Much to my surprise the “Note to Self” post last week was a hit! I had no idea it would strike a chord in so many of you. So I’ve decided maybe a weekly or every other week “Note to Self” is in order. I can’t thank you enough for those of you who sent me texts, emails, messages, etc. telling me how much that post resonated with you. And it never ceases to humble/amaze me when you share my posts to your Facebook pages. You don’t even know. That’s so kind and generous of you. Thank you.
Now, a note to self…
I mean, this face. Precious. Note the most annoying toy ever created right behind him. Chicken Dance Elmo. It still makes me twitch just thinking about it.
Dear 24 yr old self,
Look, I know you don’t want to but you really need to make some mom friends. Your 1 yr old can’t be the only person you talk to during the day besides your mom. Kyle travels all the time and your friends, well, they work “outside the home.” They do important things and talk to adults. You, on the other hand, feel like you’re becoming more socially awkward by the day. You have no idea what’s going on in the world outside of Sesame Street and Baby Einstein. (By the way, they proved later that Baby Einstein doesn’t in fact make your kid a genius. How many hours of our life was wasted watching a red ball roll across a black screen? Sigh.) Anyway, you need to know that what you’re doing matters. You are taking care of a little person. You keep him alive all day. It’s exhausting keeping someone alive. You feel completely unproductive because at the end of the day all you can check off your list is changing diapers, feeding the baby, and trying to make dinner. Other than that, you don’t know what you do all day. You don’t feel like you can talk about it with your friends that work and don’t have kids. They would think you’re lame and lazy.
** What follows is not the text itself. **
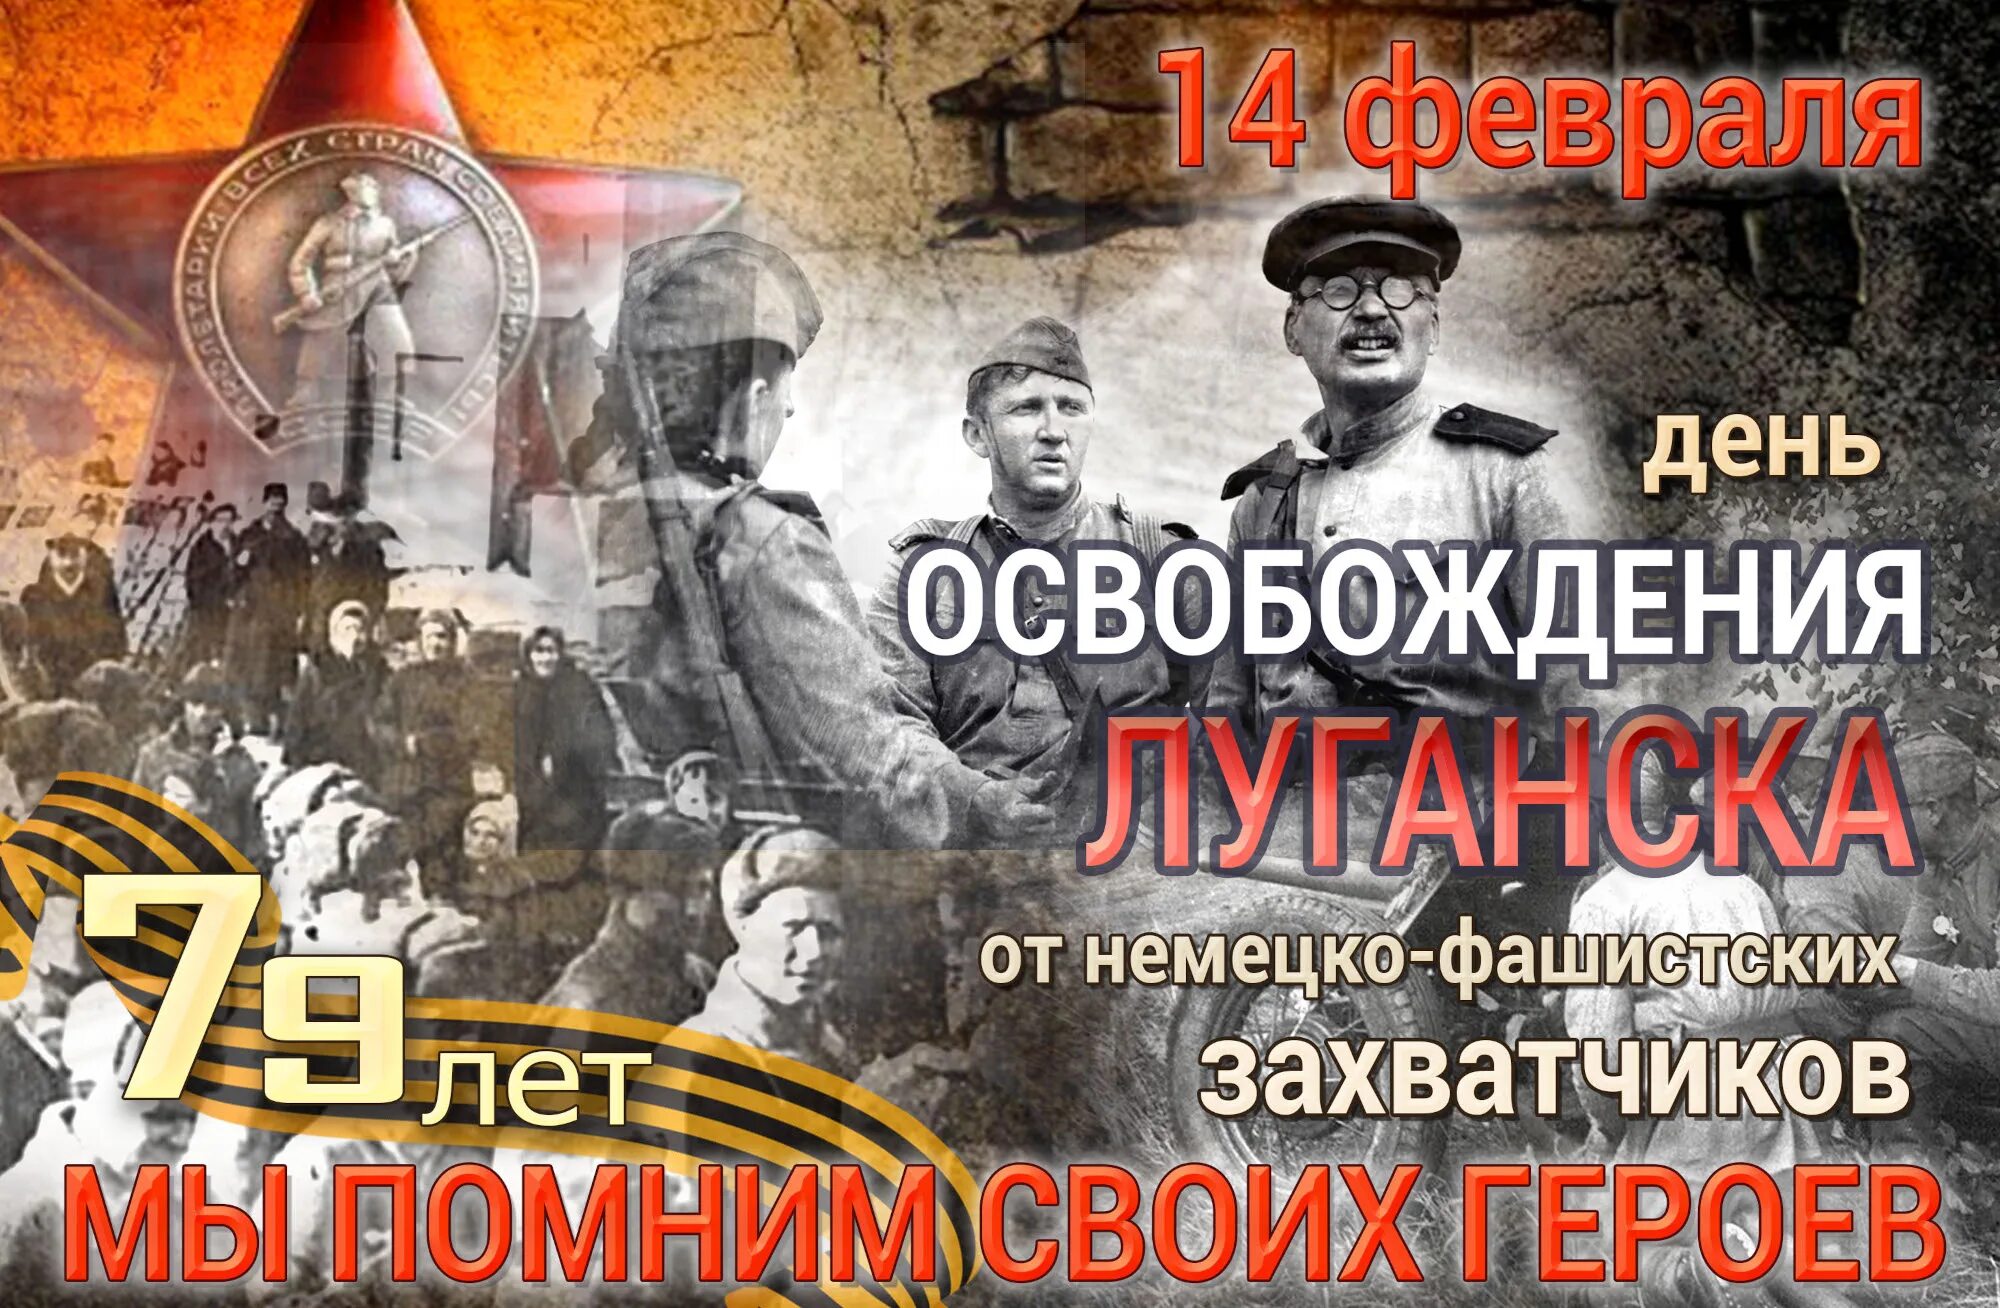 14 Февраля освобождение Луганска от немецко фашистских. 14 Февраля 1943 день освобождения Луганска. 14 Февр день освобождения. 14 Февраля день освобождения Луганска. Сценарий от немецко фашистских захватчиков

Playdates make you cringe in all of your insides. Sitting around with moms you don’t know comparing everyone’s babies, or worse, comparing yourself to the other moms and feeling inadequate because you don’t breastfeed or make your own baby food. No thanks. I know they aren’t your thing but who says you have to play the comparison game? You could be the one to change the subject and talk about something else. Or better yet, you could be honest about how lonely you are. You could tell the other moms you feel like you’re on an island. With a baby. And no search party is looking for you. You could do this and maybe you would find out someone else feels this way too. By going first, you could give another mom the opportunity to say “Me too.” Isn’t that what you want? A “me too” lets you know you’re not alone on the island. A “me too” is hope. Allow someone the privilege to be honest.
Your 35 year old self is learning for the first time that being vulnerable is a gift you give someone else. It seems backwards but being vulnerable is quite powerful. It gives others courage to do the same. You won’t always feel like you’re on an island; it will get better with time and more children. I promise it doesn’t turn into a Lord of the Flies situation. Your life will be so much fuller when you realize honesty about where you’re at is better than being “strong” and silent. Being strong is only hiding who you are. You have wings that you don’t even know about and one day you’re going to fly.
Now go take care of that baby. Walk him in the stroller and tell him about your day. Make funny faces at him and talk in the funny voice he likes. He thinks you’re a riot. It sort of makes all the crying and spit up and dirty diapers worth it.
Your 35 yr old self
P.S. That little 1 yr old is now 11 and wears the same size shoe as you do. He’s got a thing for video games and knows everything, EVERYTHING, about sports. It’s like living with a Sportcenter commentator. He’s pretty great and still the sweetest boy you know.